To simplify the following descriptions, three descriptor states are defined:

Empty When the corresponding buffer pool slot does not store a page (i.e. refcount and usage_count are 0)
Pinned When the corresponding buffer pool slot stores a page and any PostgreSQL processes are accessing the page (i.e. refcount and usage_count are greater than or equal to 1)
Unpinned When the corresponding buffer pool slot stores a page but no PostgreSQL processes are accessing the page (i.e. usage_count is greater than or equal to 1, but refcount is 0)

When the PostgreSQL server starts, the state of all buffer descriptors is empty. In PostgreSQL, those descriptors comprise a linked list called freelist.

Buffer Pool

The buffer pool is a simple array that stores data file pages, such as tables and indexes. Indices of the buffer pool array are referred to as buffer_ids. The buffer pool slot size is 8 KB, which is equal to the size of a page. Thus, each slot can store an entire page.

How the Buffer Manager Works

Accessing a Page Stored in the Buffer Pool

Create the buffer_tag of the desired page and compute the hash bucket slot
Acquire the BufMappingLock partition that covers the obtained hash bucket slot in shared mode (this lock will be released in step (5)).
Look up the entry whose tag is 'Tag_C' and obtain the buffer_id from the entry. In this example, the buffer_id is 2.
Pin the buffer descriptor for buffer_id 2, i.e. the refcount and usage_count of the descriptor are increased by 1
Release the BufMappingLock.
Access the buffer pool slot with buffer_id 2.

Then, when reading rows from the page in the buffer pool slot, the PostgreSQL process acquires the shared content_lock of the corresponding buffer descriptor. Thus, buffer pool slots can be read by multiple processes simultaneously.

When inserting (and updating or deleting) rows to the page, a Postgres process acquires the exclusive content_lock of the corresponding buffer descriptor (note that the dirty bit of the page must be set to '1').

After accessing the pages, the refcount values of the corresponding buffer descriptors are decreased by 1.

Loading a Page from Storage to Empty Slot

Look up the buffer table (we assume it is not found).
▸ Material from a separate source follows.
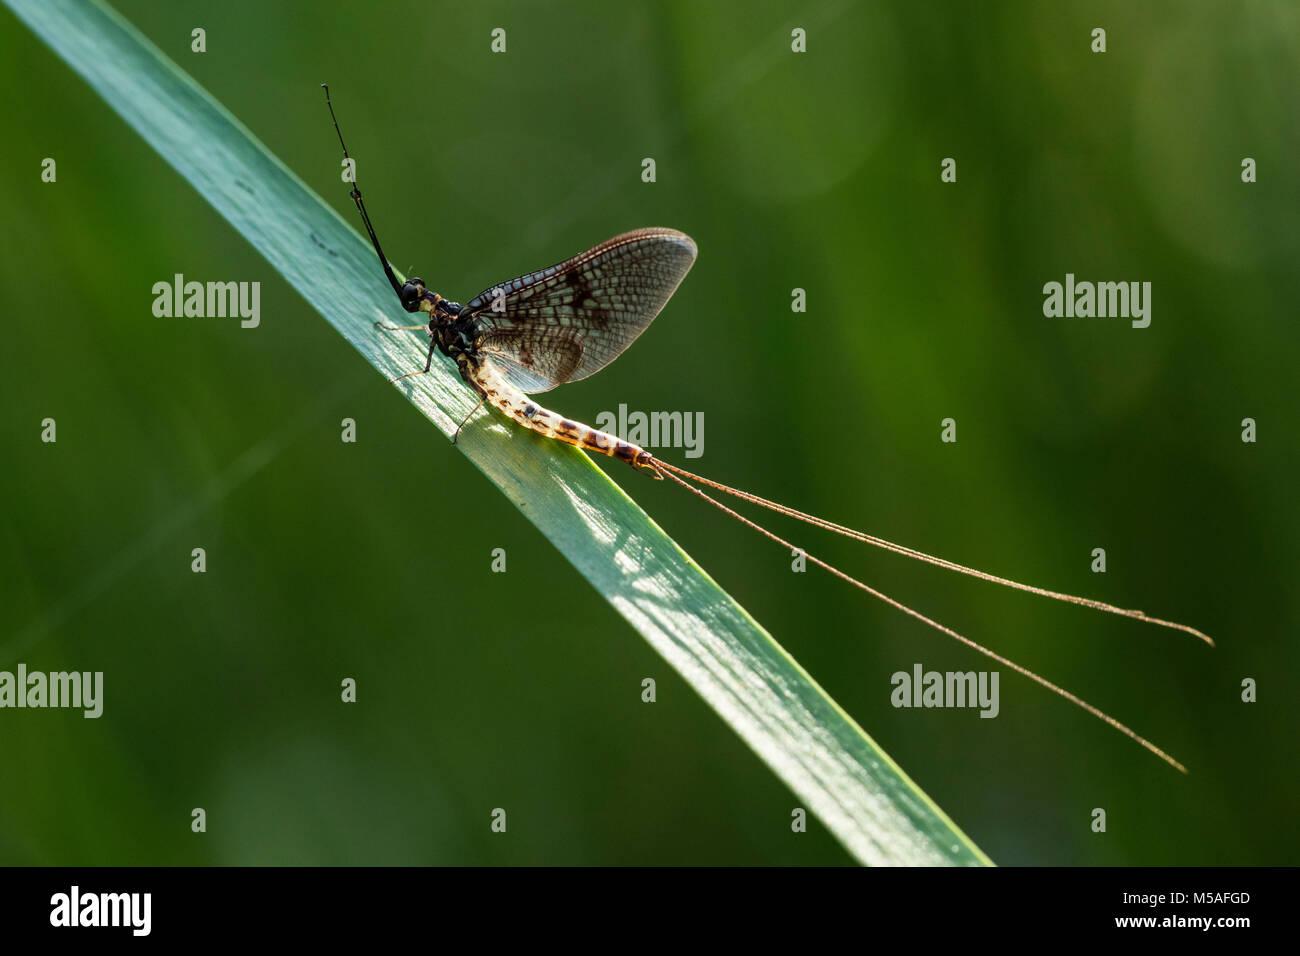 Mayfly (Ephemera danica), (Ephemeridae) - Stock Image

- Create the buffer_tag of the desired page (in this example, the buffer_tag is 'Tag_E') and compute the hash bucket slot.
- Acquire the BufMappingLock partition in shared mode.
- Look up the buffer table (not found according to the assumption).
- Release the BufMappingLock.

Obtain the empty buffer descriptor from the freelist, and pin it. In this example, the buffer_id of the obtained descriptor is 4.
Acquire the BufMappingLock partition in exclusive mode (this lock will be released in step (6)).
Create a new data entry that comprises the buffer_tag 'Tag_E' and buffer_id 4; insert the created entry to the buffer table.
Load the desired page data from storage to the buffer pool slot with buffer_id 4 as follows:

- Acquire the exclusive `io_in_progress_lock` of the corresponding descriptor.
- Set the `io_in_progress` bit of the corresponding descriptor to '1 to prevent access by other processes.
- Load the desired page data from storage to the buffer pool slot
- Change the states of the corresponding descriptor; the `io_in_progress` bit is set to `0`, and the valid bit is set to `1`.
- Release the `io_in_progress_lock`.

Release the BufMappingLock.
Access the buffer pool slot with buffer_id 4.

Dirty Pages

When data is modified in memory, the page in which this data is stored is called a dirty page, as long as the modifications are not written to disk. So if there is a page that is different in the shared buffer and the disk, it is called a dirty page. The buffer manager flushes the dirty pages to storage with the assistance of two subsystems called – checkpointer and background writer.